*** Opening Data below ***
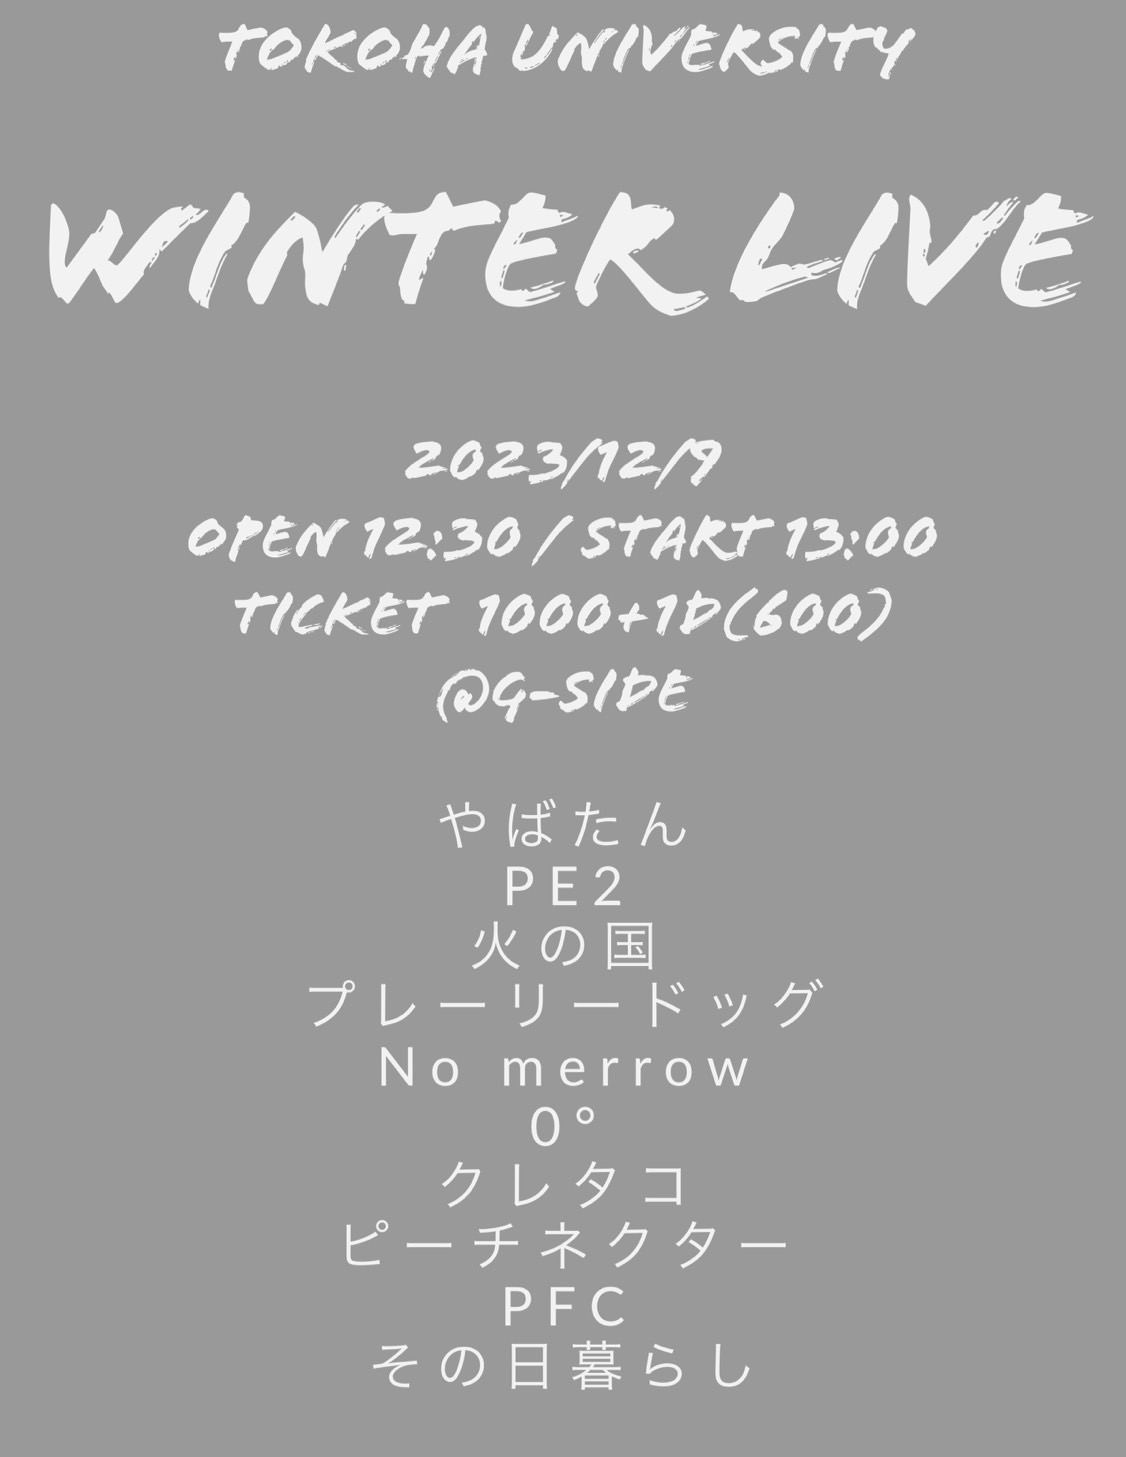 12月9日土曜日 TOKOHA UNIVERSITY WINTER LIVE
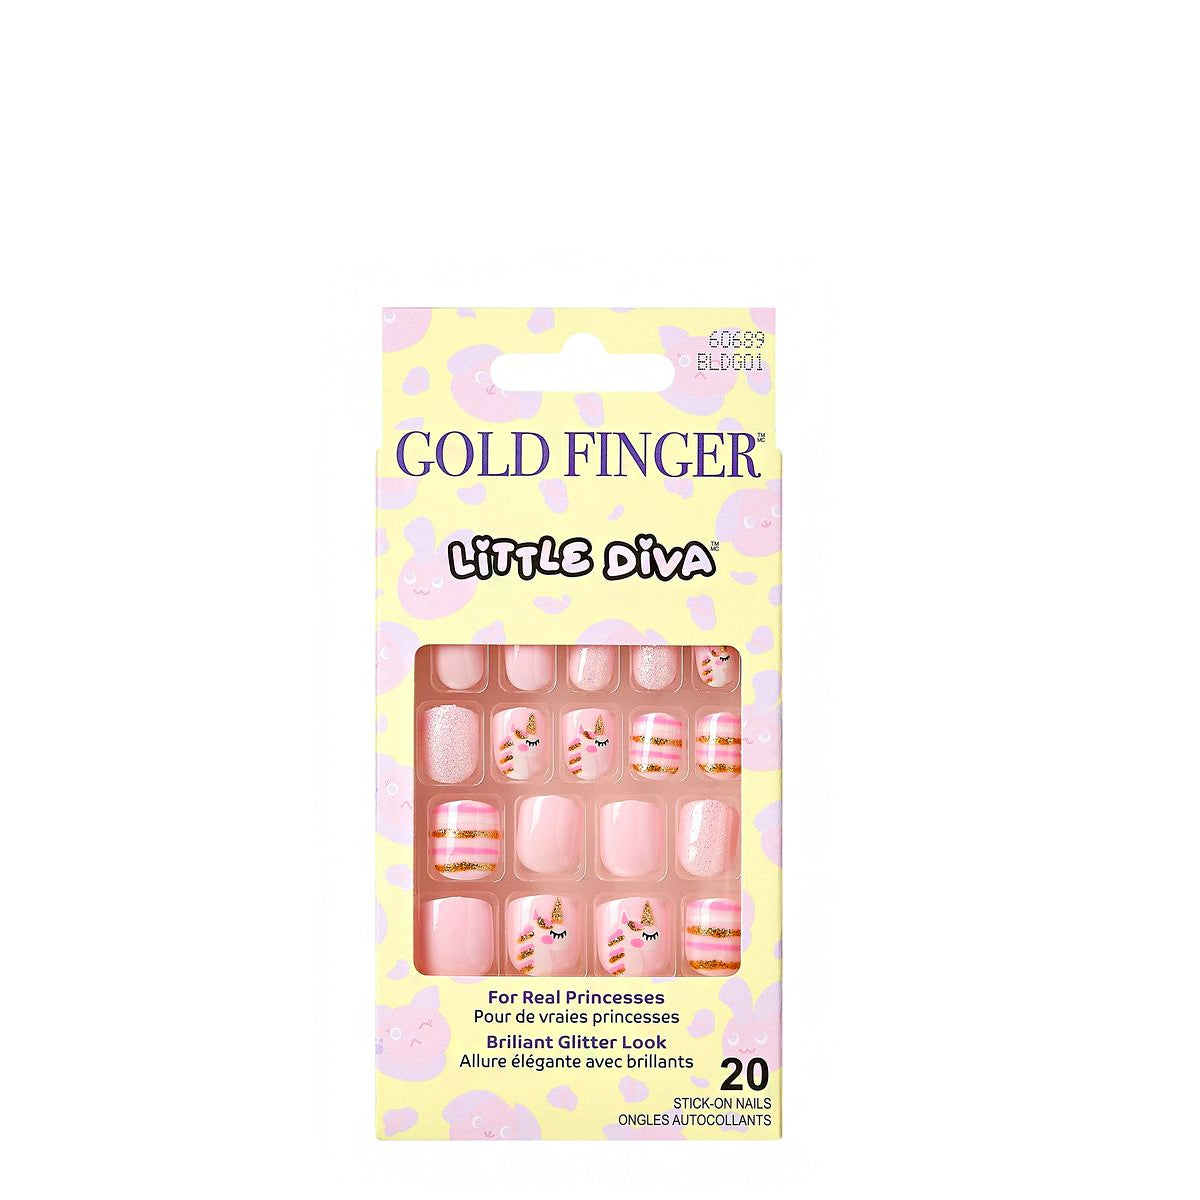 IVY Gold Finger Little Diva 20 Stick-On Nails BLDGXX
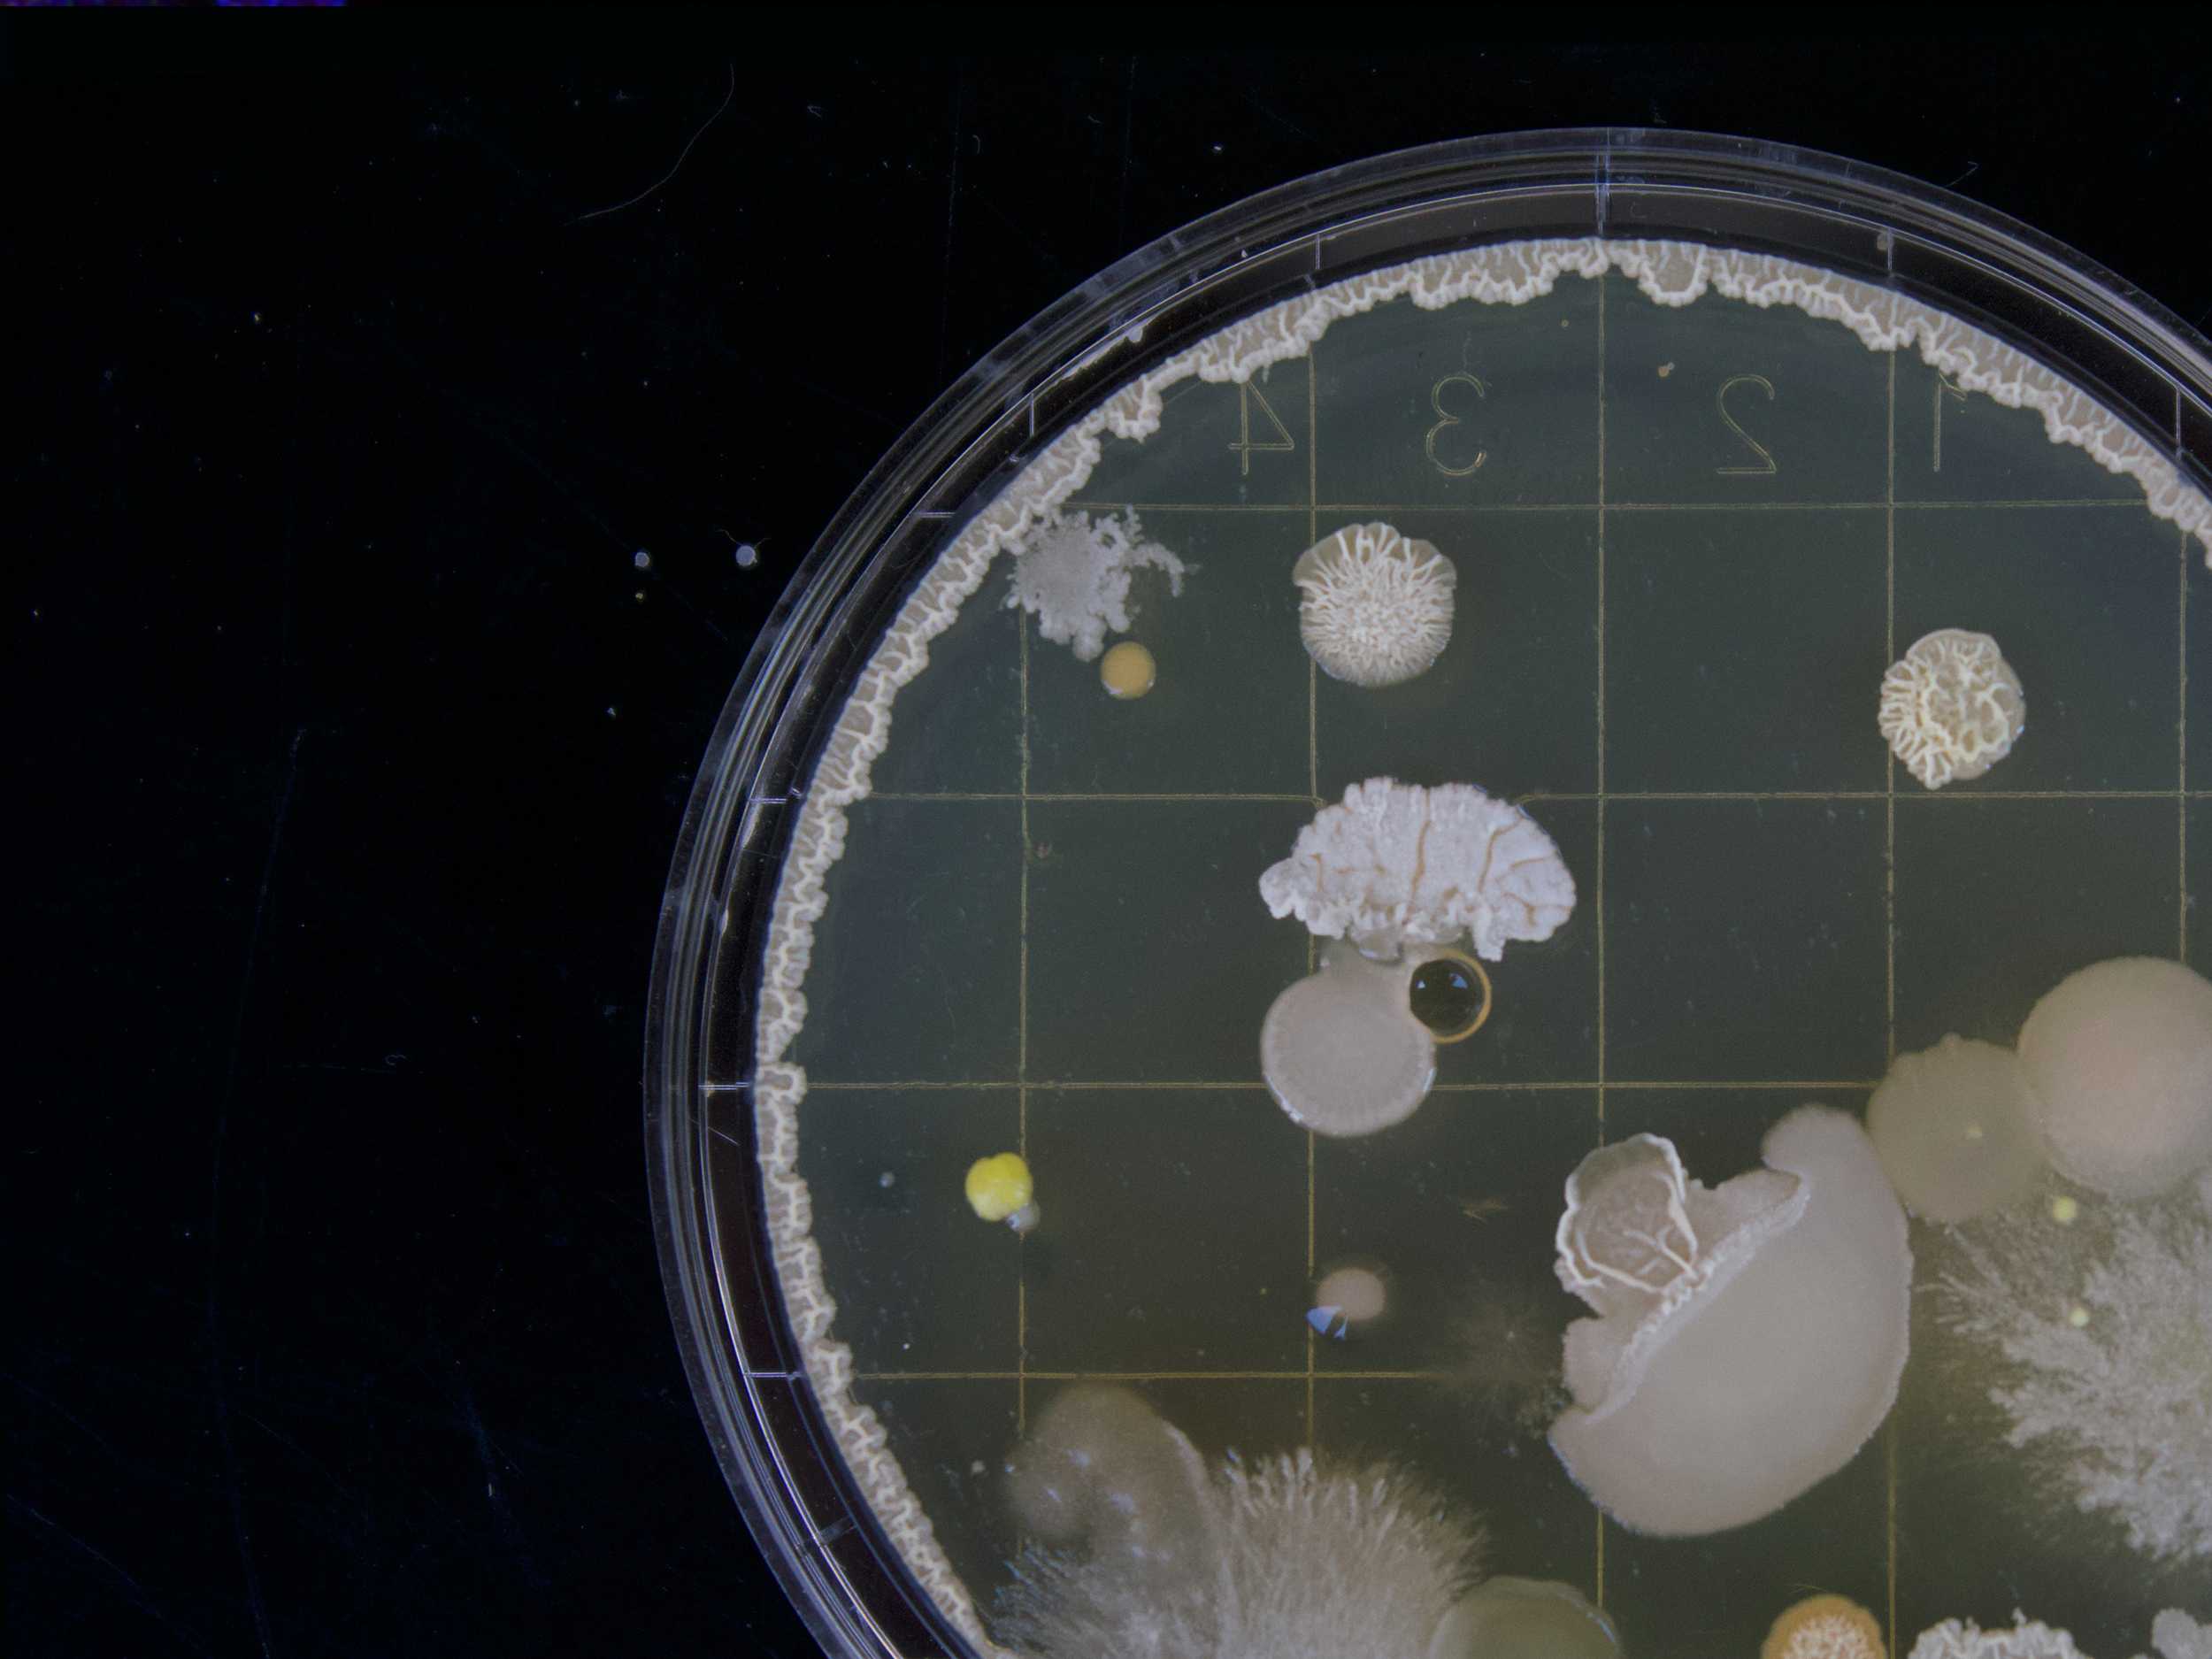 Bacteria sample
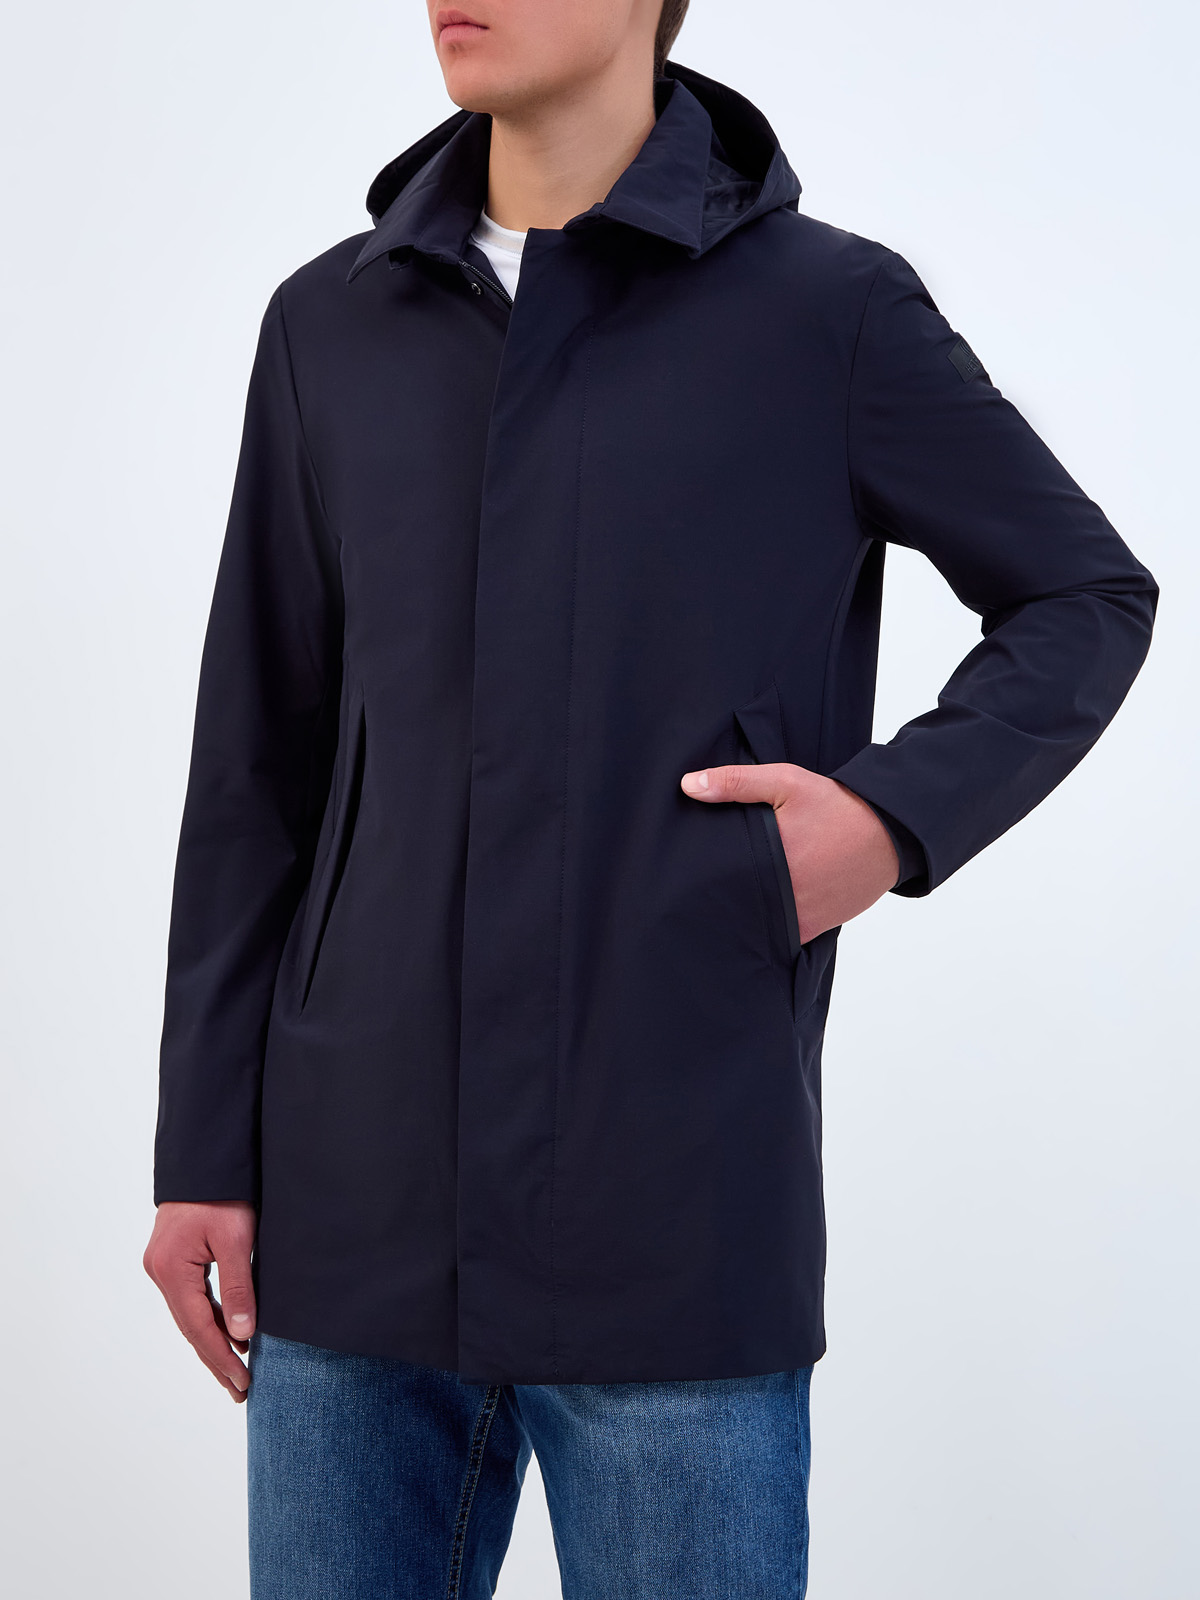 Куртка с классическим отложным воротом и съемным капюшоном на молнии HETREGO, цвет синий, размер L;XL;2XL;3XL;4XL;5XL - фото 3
*** Closing Data below ***
Retype the data word for word, please, and keep the images out.

**Solution for this exercise**
 12月9日土曜日 TOKOHA UNIVERSITY WINTER LIVE
 IVY Gold Finger Little Diva 20 Stick-On Nails BLDGXX
 Bacteria sample
 Куртка с классическим отложным воротом и съемным капюшоном на молнии HETREGO, цвет синий, размер L;XL;2XL;3XL;4XL;5XL - фото 3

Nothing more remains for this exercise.